Глядя ему в глаза, я ответил без малейших угрызений совести:

– То есть как это не так? Если это сказали два императора и вы тоже?!

Господин Мантейфель еще мгновение смотрел на меня, потом отвернулся к ящикам с рукописями. Больше двух часов он перебирал и перелистывал груды исписанных листов. Могу сказать: не будь меня, ему пришлось бы рыться в них в два раза дольше. Даже в три раза дольше. Потому что с первого взгляда я мог сказать ему с абсолютной точностью, что это были записанные Тимо в школьные годы уроки Лерберга с 1794 по 1800. Те самые записи, по которым я главным образом учился в доме Мазинга и которые привез с собой обратно в Выйсику.
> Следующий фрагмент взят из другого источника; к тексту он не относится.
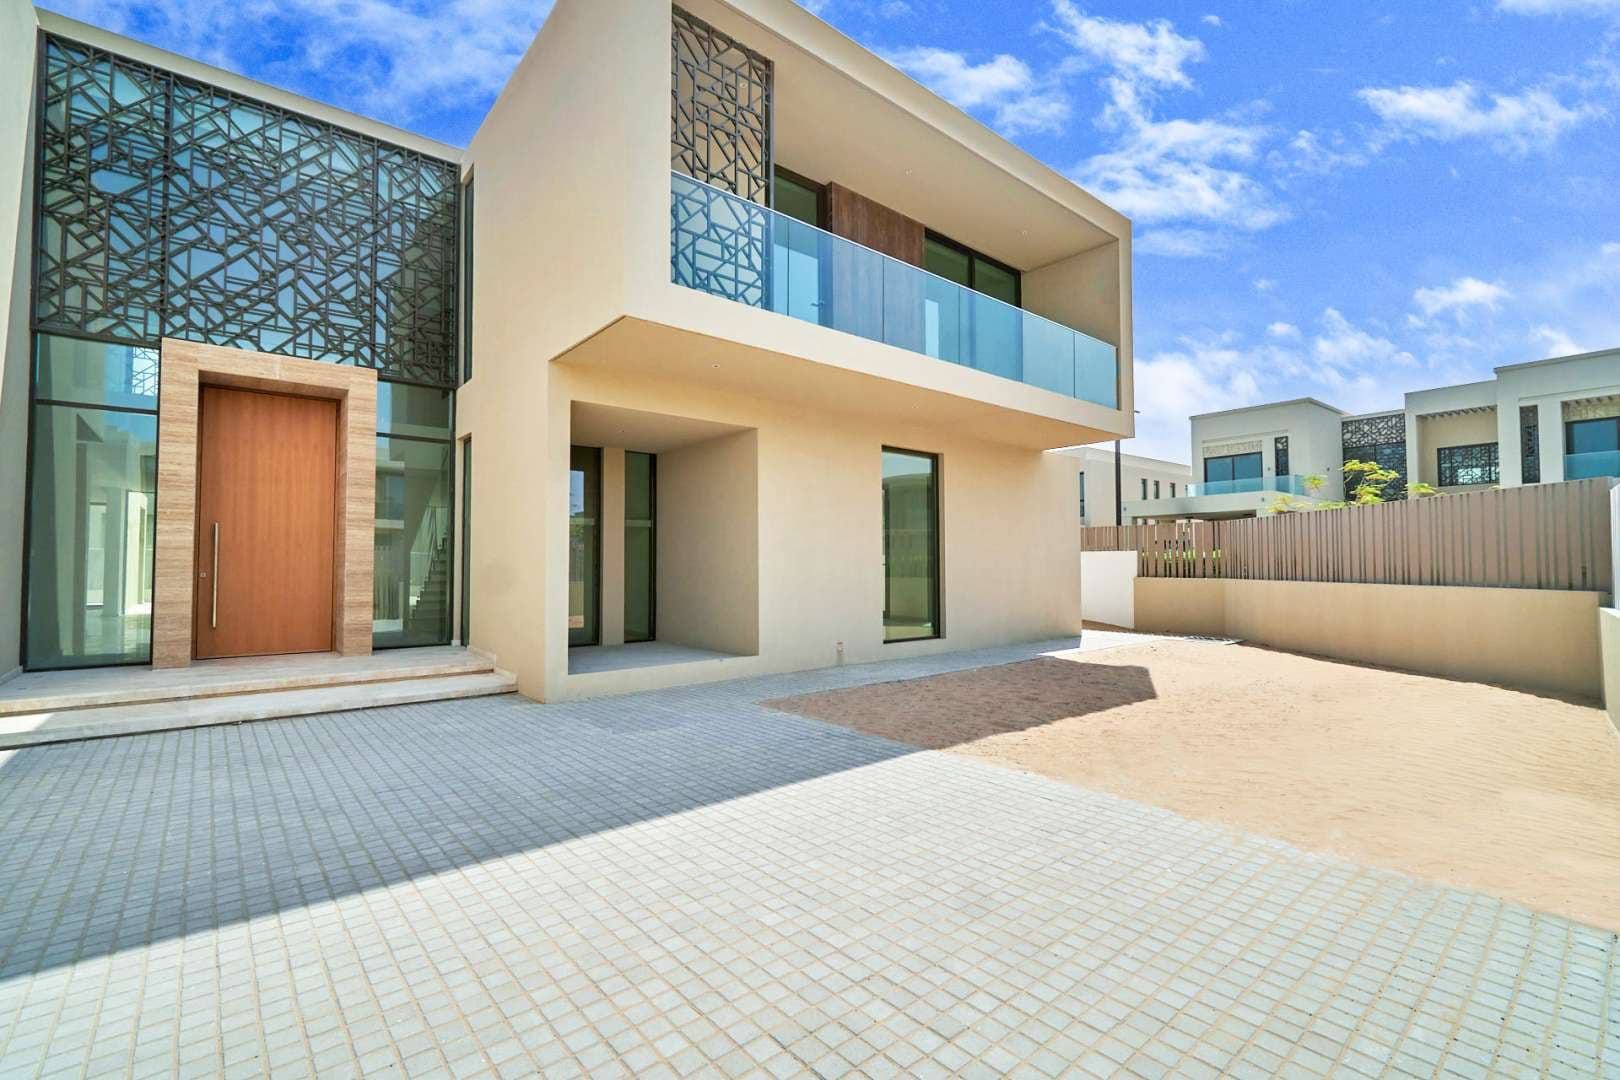 7 Bedroom Villa For Sale Dubai Hills Vista Lp08809 2e2060600b50ec00.jpg

И только на дне нижнего ящика, под последними школьными сочинениями, в конце описания небесной механики Лапласа, господин Мантейфель обнаружил единственный в этих ящиках листок, представляющий собою нечто иное, он был более поздний и, может быть, в какой-то мере отвечал представлениям Мантейфеля о тех записях, которые он собирался найти.

Он вытащил этот последний листок и долго смотрел на него. Наконец он пробормотал:

– Подойдите сюда, посмотрите, что это, по-вашему?

Я посмотрел. И теперь попытаюсь как только сумею точно записать то, что прочел. Совсем точно, конечно, у меня не получится, ибо такое связно запомнить невозможно.

Высокочтимый господин фельдмаршал, ваше сиятельство Бурхард Кристофорович!

Поскольку я получил известие, что Нептун Вотанович Перунский назначен новым главным прокурором святейшего синода, я прошу Вашу светлость позаботиться, чтобы мое письмо с насущно необходимыми государству предложениями незамедлительно попало в руки высших авторитетов.

Самая сферическая добродетель моего самого верного друга Ивана Диаволовича есть лишь ему одному присущее умение засевать Фукидидов органной музыкой. Однако воду из ванны, где умывались музы, продает и покупает Василий Николаевич за наименее смердящие деньги. И если вашему сиятельству потребуется назначить Высшего имперского арбитра Честности на соответственно несомненно сверхдоходную должность, то было бы инфамно забыть нашего дорогого дядюшку Петра Павловича. Ибо кто же еще заслуживает большего уважения, чем наши сверхмилые родственники! И приветствуйте от меня сердечно племянника, гвардейского капитана, которого я в последний раз встретил то ли в Никарагуа, то ли в Витебске и который, правда, всего лишь 30 лет как умер, ergo[67]67
  Следовательно (лат.).


[Закрыть]
находится возле самой основы человеческой деятельности столь короткое время, что у вашей светлости могут возникнуть трудности при установлении с ним связи, дабы передать ему от меня привет, невзирая на это остаюсь самым сомнительным слугой врагов вашей светлости

Timothy Shock

– Ну, так что это такое? – переспросил господин Мантейфель (господин Петр Павлович Мантейфель) и сжал челюсти.

Я ответил, что не понимаю, что это такое.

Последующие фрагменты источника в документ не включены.